Our POTUS and his bimbos…

If that birthday card to Epstein wasn’t from the “fucking moron,” I’d be surprised: It reads like Trump, the signature looks like Trump’s, and the drawing of a female torso looks as immature as any schoolyard bully’s. So it must be Trump! As hinted in that birthday greeting from the Pervert-in-Chief (remember, he’s been convicted of—oops! we have to call it lascivious fondling or something equally innocuous, and not use that r-word, as ABC’s George found out!) to the convicted child molester Jeffrey Epstein, both Trump the Skunk and Epstein shared a common interest: Boobs and bimbos. (To be fair, many of their targets, especially Epstein’s, should properly be called victims! What the Donald was convicted of showed that the litigant was too.)

Let’s move the historical clock forward to Narcissus le Grand’s recent firing of that chief DoJ prosecutor. POTUS admitted to firing him, even though Trump had nominated him, because he failed to prosecute New York’s AG and the ex-FBI director! That prosecutor even dared to have the balls to say that there was no “there” there; i.e., he could find nothing to charge the NY AG with, enraging our POTUS, that stable genius. Who was chosen to replace that prosecutor? Yet another boobyish bitch, a mindless missy who looks like a Bondi clone. I guess if a lawyer can’t deliver the goods, Trump at least can admire his replacement’s natural assets?

What Bondi will do about this has yet to be determined. Cat fight at the DoJ to gain the old perverted tomcat’s favor?

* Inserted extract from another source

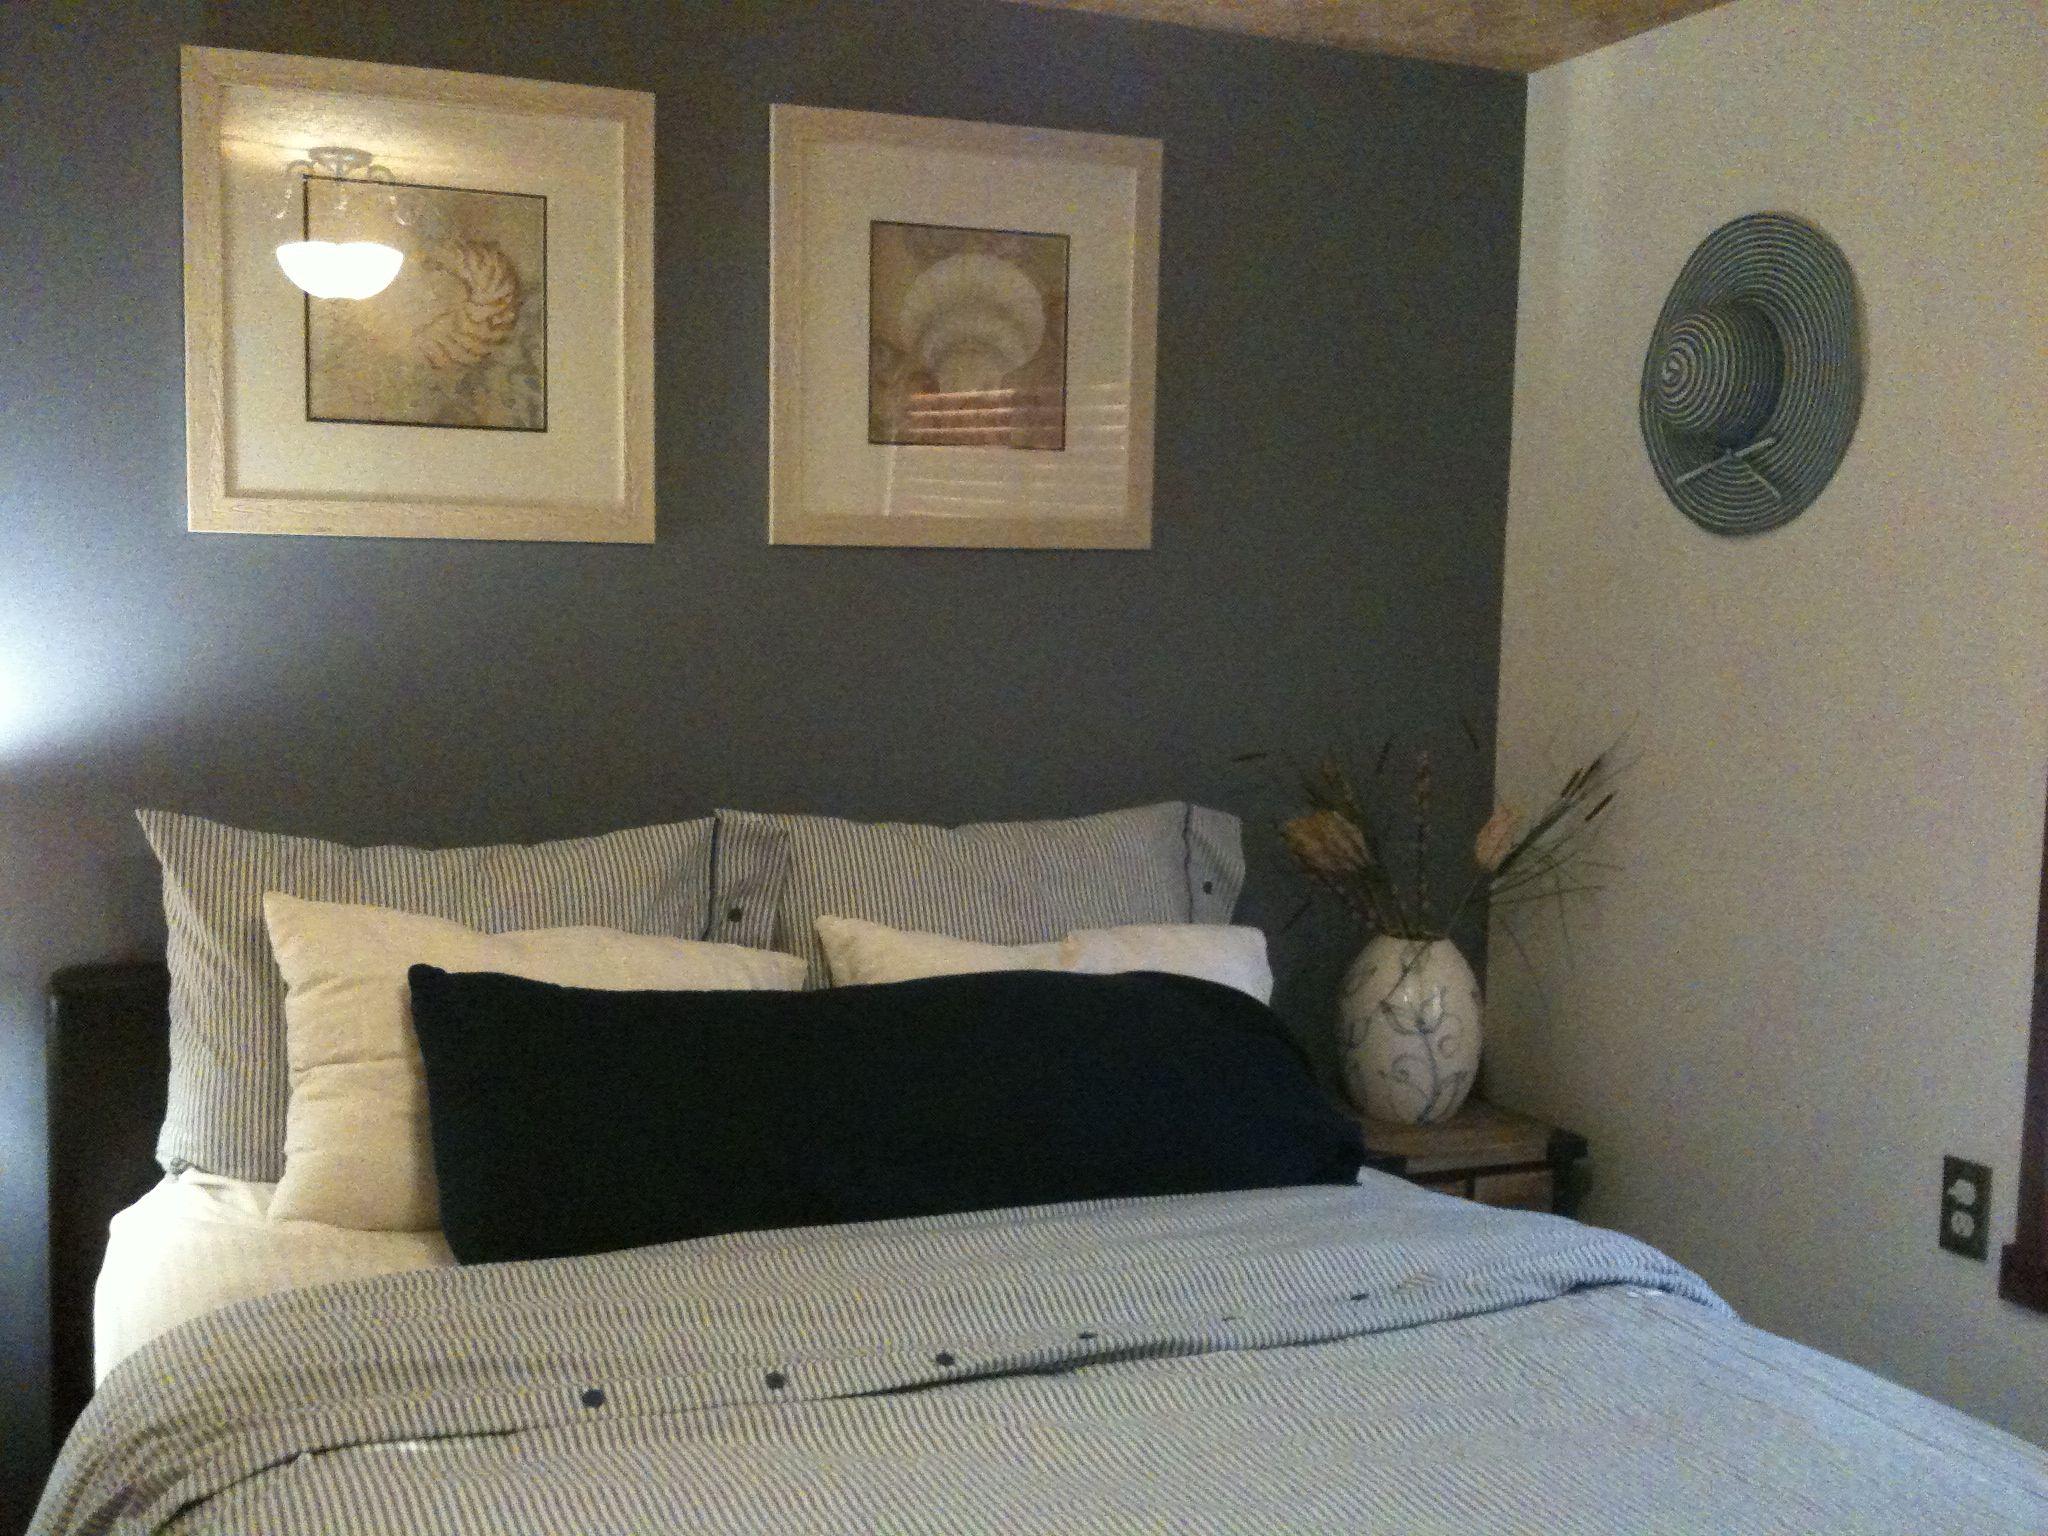 Sherwin williams bracing blue. Calming Family room paint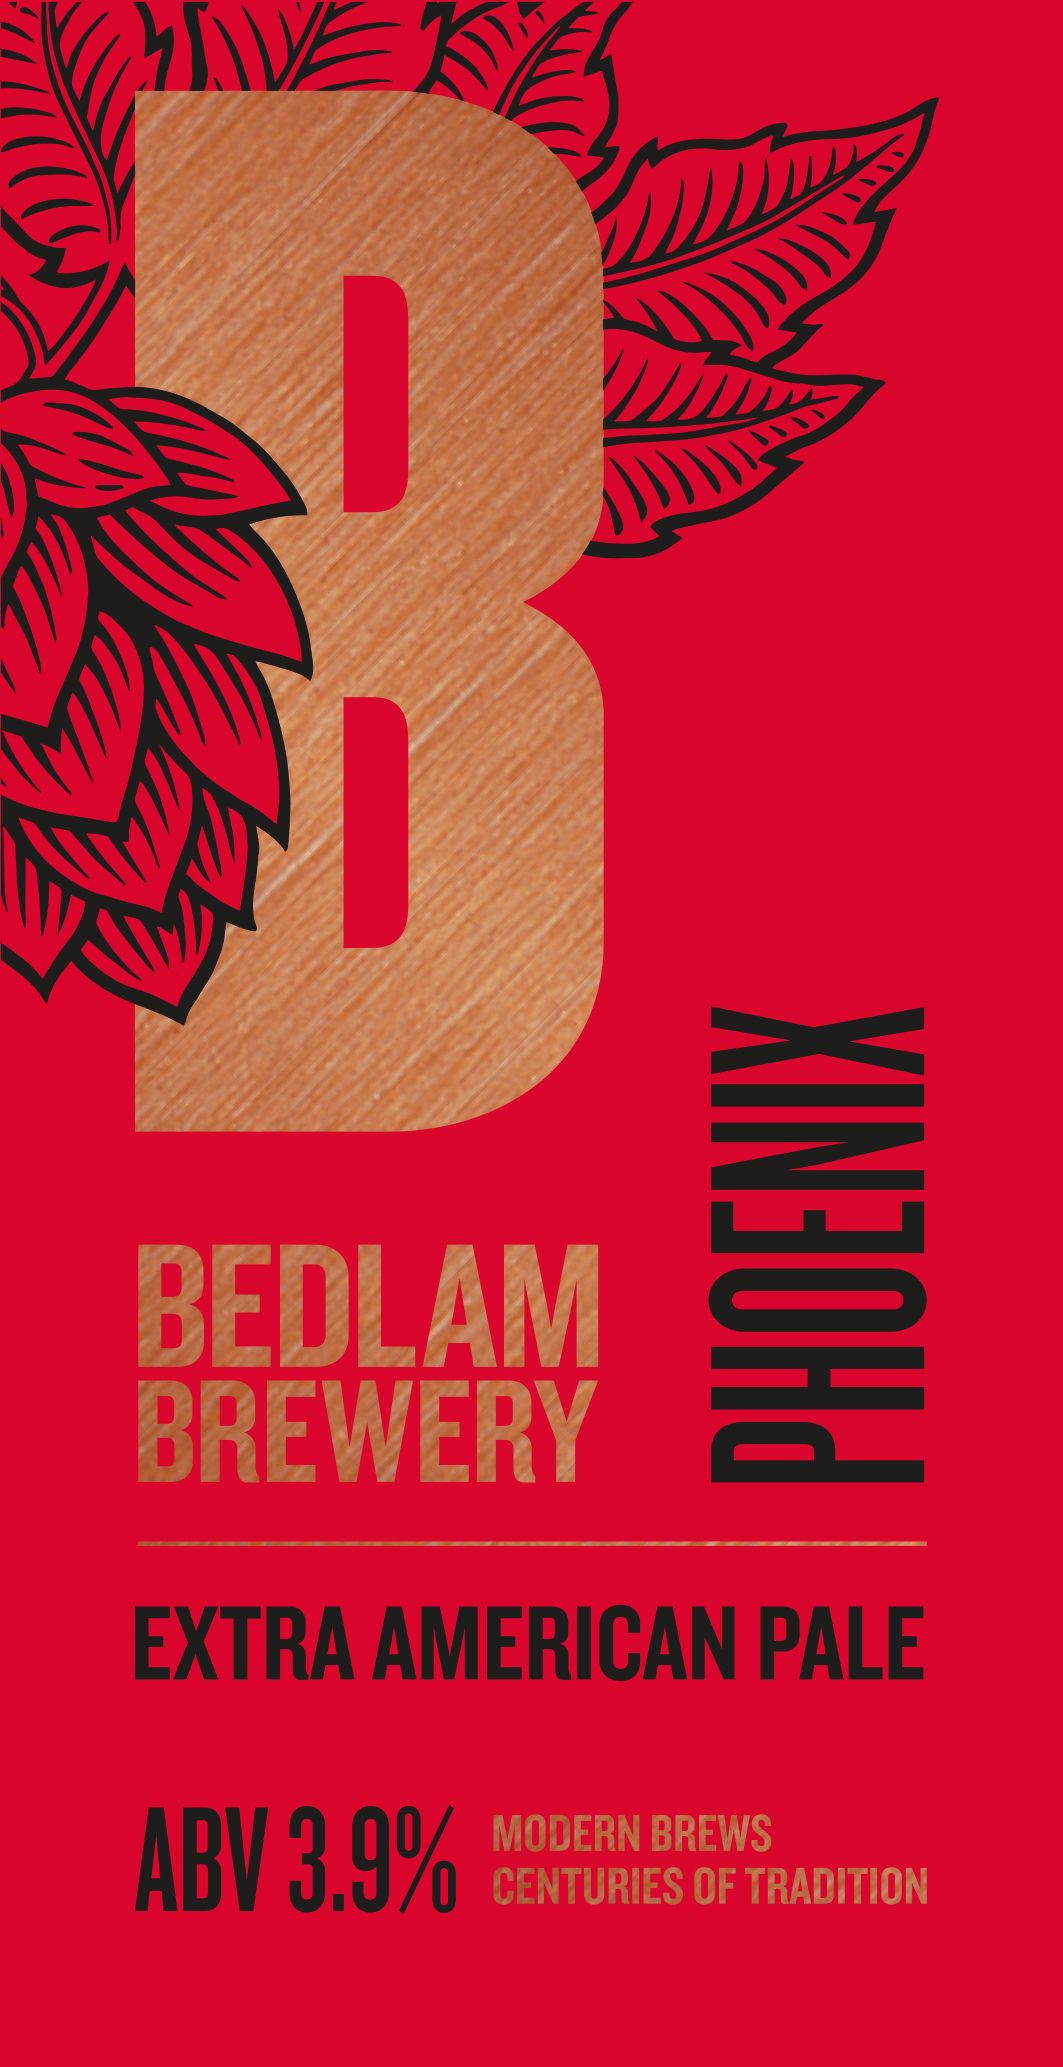 Bedlam Brewery Phoenix 9 Gallons Pale    3.9%

Or just Bondi losing her mind, one she never had, because her boss has also said that she’s not aggressive enough in going after his political enemies.

Of course, among POTUS’s bimbos, and, as much as I’d like to do so, I can’t forget Turncoat Tulsi. She already lost favor but is desperately trying to claw her way back to being one of the boss’s favorites. And then there’s the pouty and Naughty Noem who’d like to be able to do to illegal immigrants what she did to her dog. She can’t kiss her boss’s ass fast enough to get him to look at her lasciviously. (Why he’d want to is beyond me.)

Because I’m an equal opportunity critic, especially of macho males who can’t keep it in their pants, I can’t give all the glory to Trump’s bimbos: They and his male sycophants are all equally incompetent! Lil Marco tries to do everything and ends up getting nothing more than a brown nose; Cash Patel, the nation’s top cop, acts as if his bosses gave him a lobotomy (probably how everyone acts when working for Trump the Chump?); and that FCC dude should change his name to Tweedle-Dum because he’s Tweedle-Dee’s (i.e., Patel’s) goofy twin; and so forth. Actually, Patel’s FBI and the Secret Service are so incompetent now that you’d think someone would try to assassinate Trump. Oh, right! They did. Twice. The crazies got Charlie Kirk instead, thanks to Patel’s incompetence. Guess who I’d rather lose.

In any case, and forgetting for the moment his incompetent bimbos, with the attacks on free speech (Colbert, Kimmel, and other victims soon to follow, because schoolyard bully Trump the Chump can’t stand any negative criticism!), there’s plenty of evidence gathered to show Trump’s complete incompetence and fascist tendencies. All democratic institutions and people’s rights could be destroyed by the fascist MAGA maniacs as planned for in “Project 2025.” If we don’t have another civil war, you might want to pack your suitcases and prepare to flee those wild MAGA hordes, even if Trump has his bimbos leading them like insane Valkyries masquerading as Lady Godivas. (Eww, what a picture!) At least they’ve proven that fascism isn’t just a man’s sport!